大量关键的生物事件都发生在细胞膜上，由于其大时空尺度，有必要采用降维或粗粒度方法，而不是传统的全原子分子动力学模拟。由于必须在粗粒度模型中捕捉两性自组装行为，因此根据统计力学原理系统地构建膜的粗粒度描述在很大程度上仍然具有挑战性。我们的研究表明，自下而上的粗粒度脂质模型可能具有易变的形态行为，而这种潜在的易变性会对精确开发和训练产生影响。我们进而开发了一种训练算法，通过将模型训练与自组装行为联系起来来规避可变性问题，并通过构建各种磷脂膜的无溶剂粗粒度模型（包括磷脂酰胆碱、磷脂酰丝氨酸、鞘磷脂和胆固醇等脂类）证明了该算法的稳健性。由此产生的粗粒度脂质模型比原子模型快几个数量级，同时保持了结构的真实性，是开发现实细胞膜粗粒度模型的一个很有前途的方向。

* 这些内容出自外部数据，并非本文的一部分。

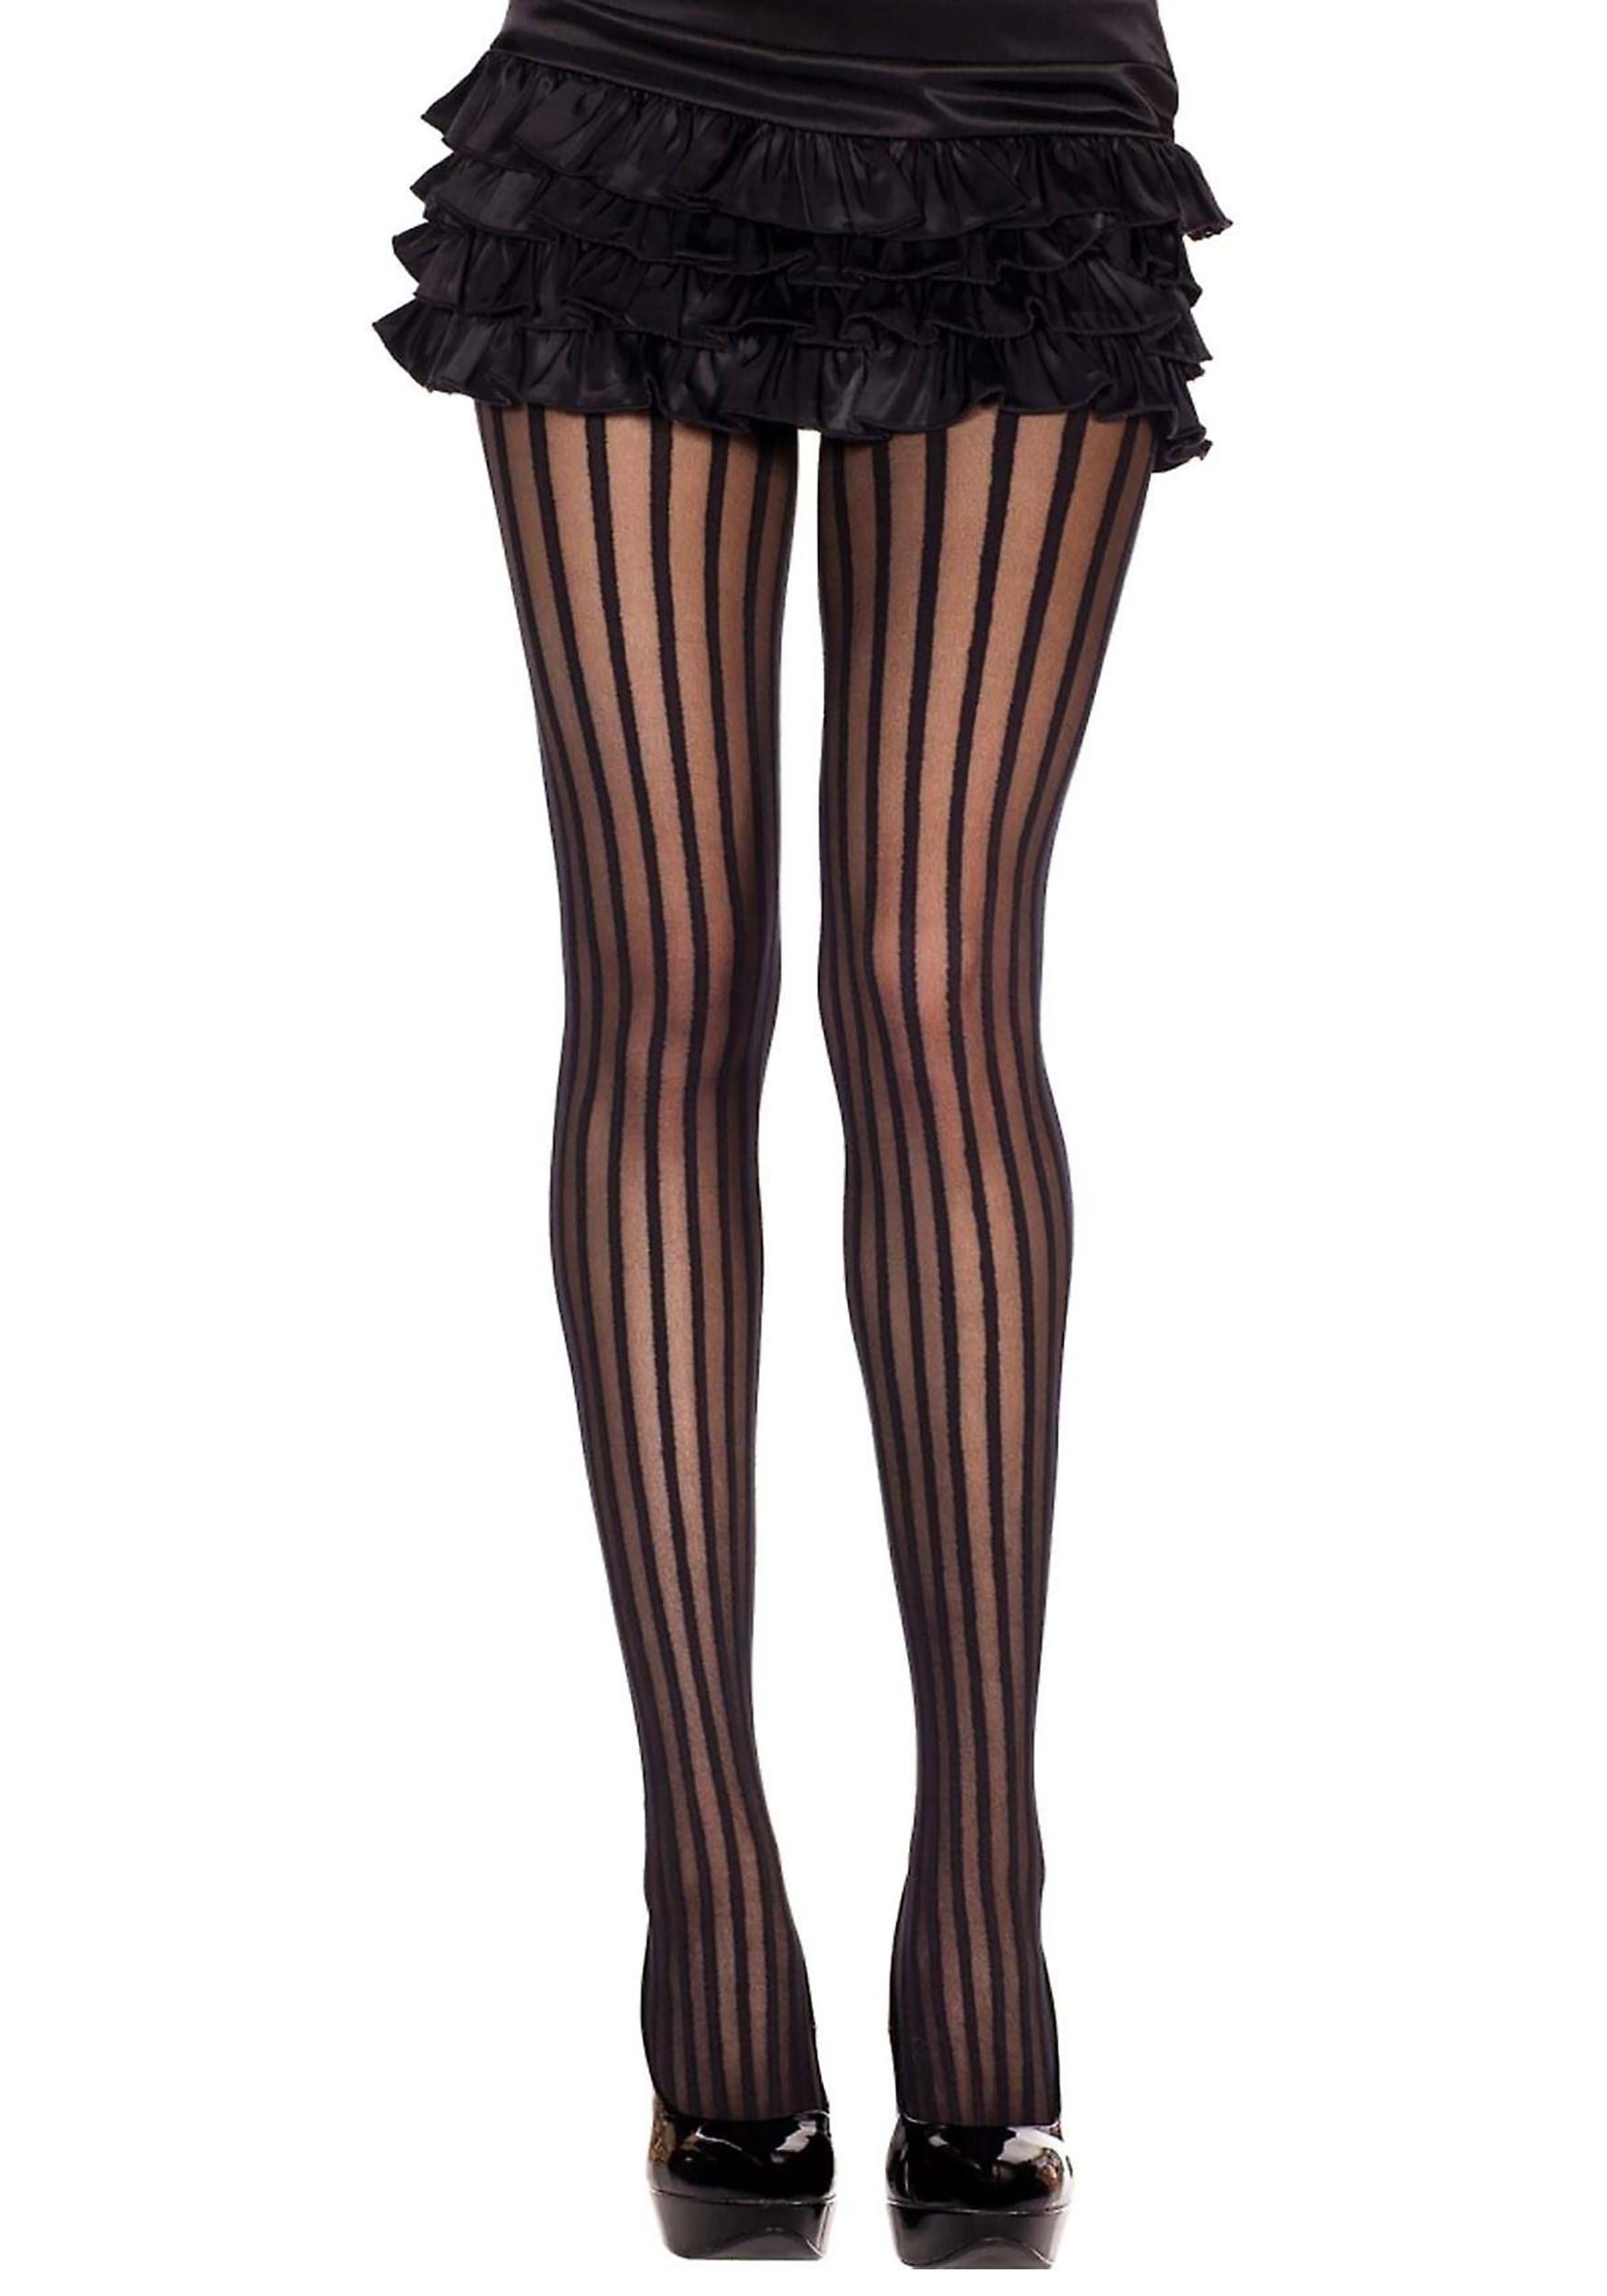 Socks & Hosiery Sexy Black Vertical Striped Tights Gothic Punk Stripe Women  Temptation Sheer Suspender Pantyhose From Seein, $43.06

本文章由计算机程序翻译，如有差异，请以英文原文为准。

求助全文

约1分钟内获得全文求助全文

来源期刊

Journal of Chemical Theory and Computation 化学-物理：原子、分子和化学物理

CiteScore

9.90

自引率

16.40%

发文量

568

审稿时长

1 months

期刊介绍： The Journal of Chemical Theory and Computation invites new and original contributions with the understanding that, if accepted, they will not be published elsewhere. Papers reporting new theories, methodology, and/or important applications in quantum electronic structure, molecular dynamics, and statistical mechanics are appropriate for submission to this Journal. Specific topics include advances in or applications of ab initio quantum mechanics, density functional theory, design and properties of new materials, surface science, Monte Carlo simulations, solvation models, QM/MM calculations, biomolecular structure prediction, and molecular dynamics in the broadest sense including gas-phase dynamics, ab initio dynamics, biomolecular dynamics, and protein folding. The Journal does not consider papers that are straightforward applications of known methods including DFT and molecular dynamics. The Journal favors submissions that include advances in theory or methodology with applications to compelling problems.